The heat transfer performance of the Helium-cooled Multi-jet (HEMJ) divertor was investigated. The HEMJ design uses impinging jets to significantly enhance its heat transfer capability. The convective heat transfer coefficient predicted by computational fluid dynamics software packages is on the order of 50,000 W/(m2-K). The high predicted values of the convective heat transfer coefficient necessitated experimental validation, which was the focus of this investigation.

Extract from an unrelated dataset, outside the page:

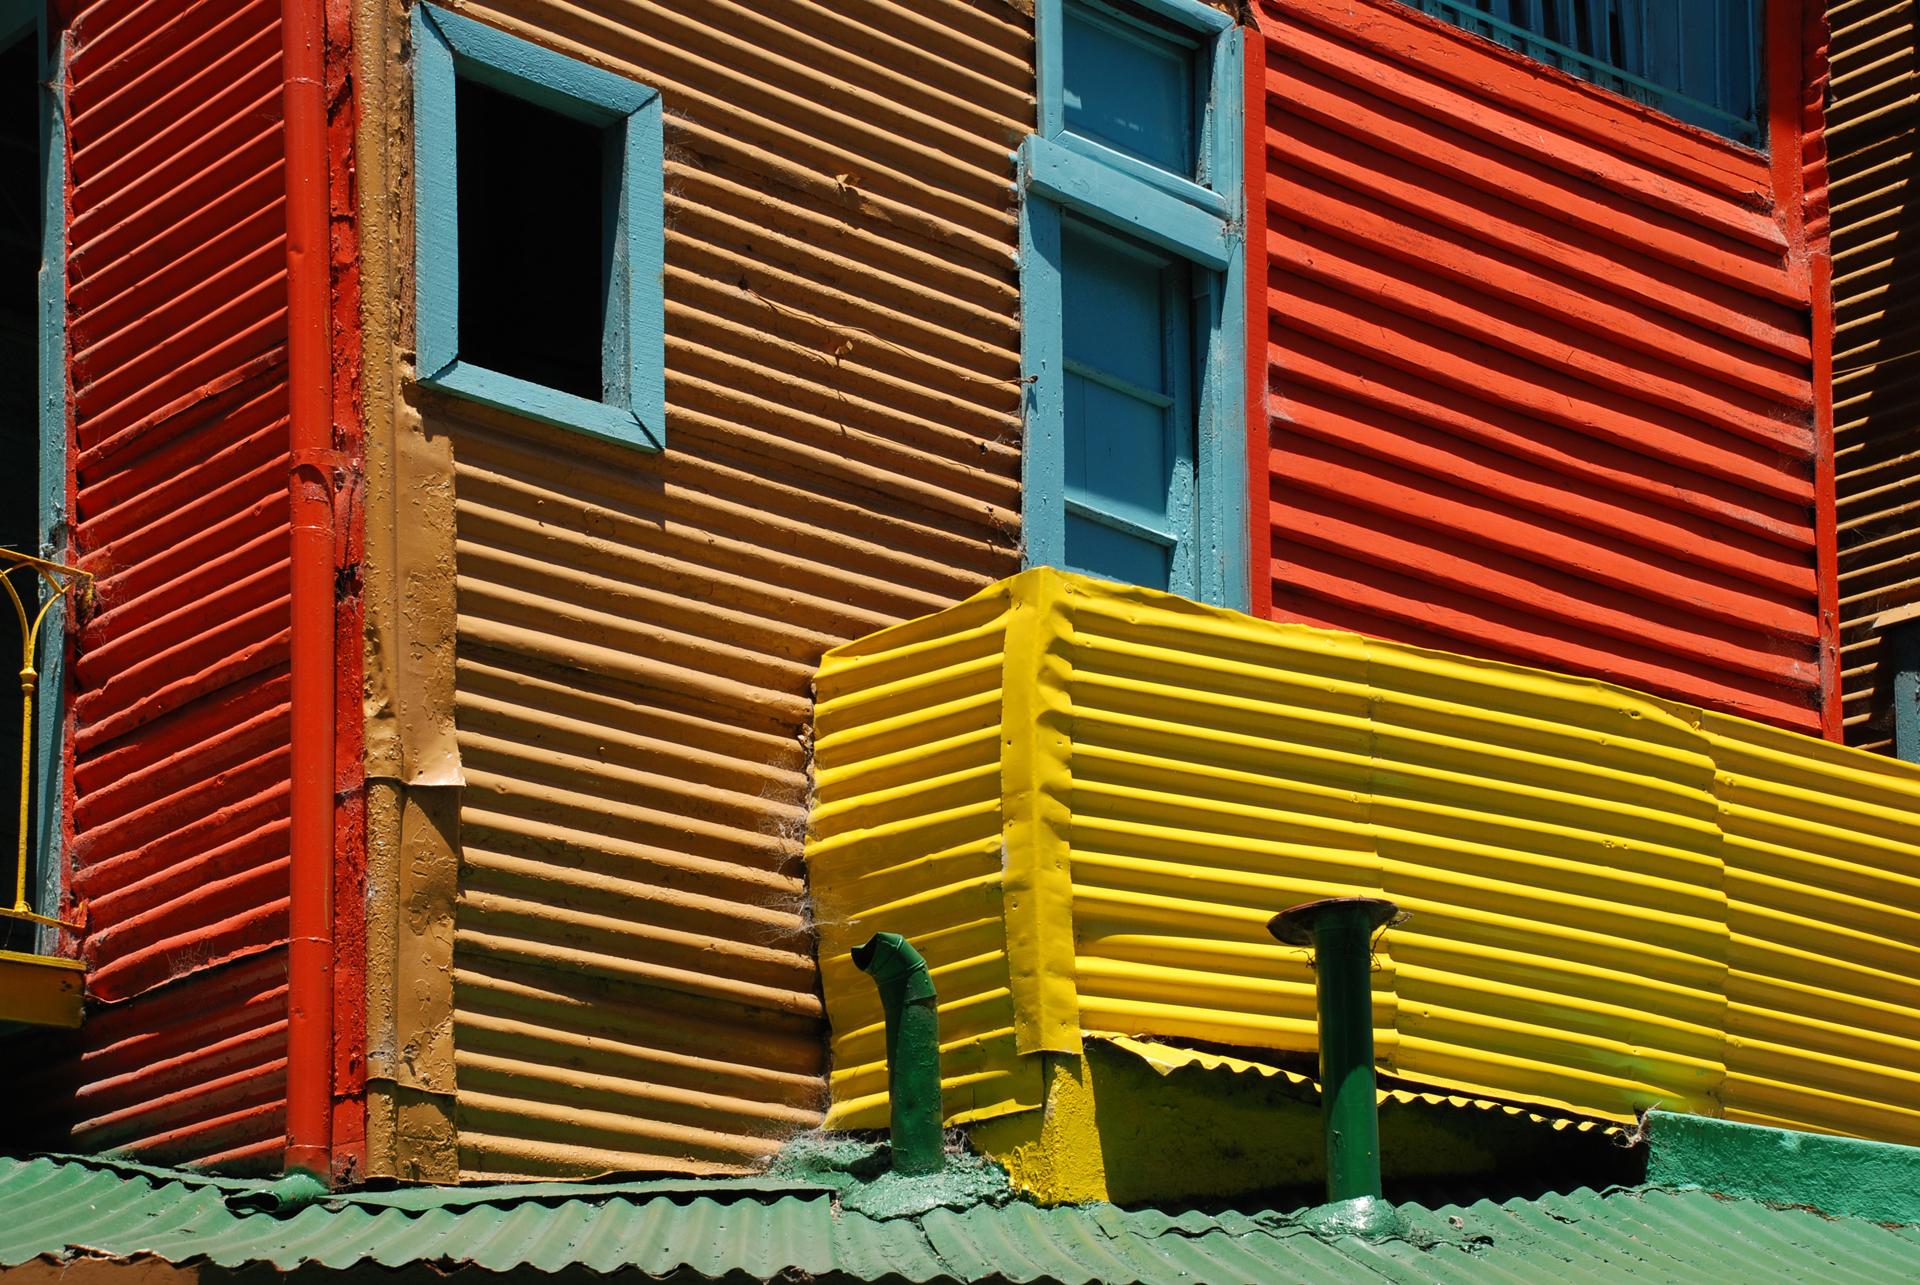 בואנוס איירס - לה בוקה - יואל שתרוג - אדמה יוצרת - yoel sitruk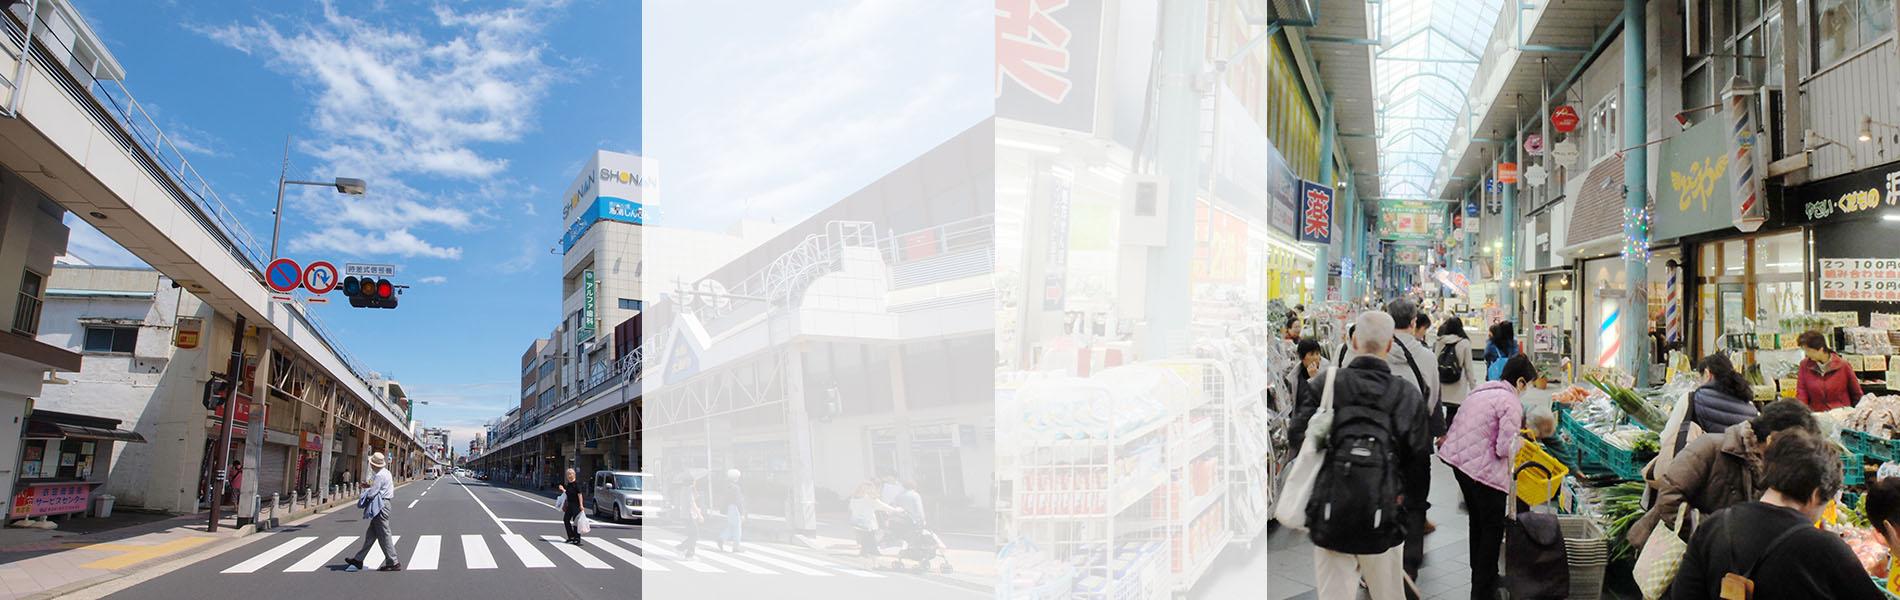 衣笠商店街|神奈川県 横須賀

A test section which simulates the thermal performance of the HEMJ divertor was designed, constructed, and instrumented for testing an in air flow loop. The operating conditions of the air flow loop were chosen to match the non-dimensional operating conditions expected for the HEMJ divertor in a post-ITER fusion power plant. The air flow loop experiments were performed for mass flow rates of 2.0 g/s to 8.0 g/s and with incident nominal heat fluxes of 0.8 MW/m2 and 1.0 MW/m2. The angular variation of the heat transfer coefficient was also investigated. Numerical simulations which matched the experimental operating conditions were performed using the computational fluid dynamics software package, FLUENT® 6.2. Comparisons of the experimental and numerical pressure drop, temperature, and heat transfer coefficient were made. The experimental results agreed with the numerical predictions for all operating conditions in this investigation. This provided a strong degree of confidence in using the FLUENT® software package to analyze the HEMJ divertor design.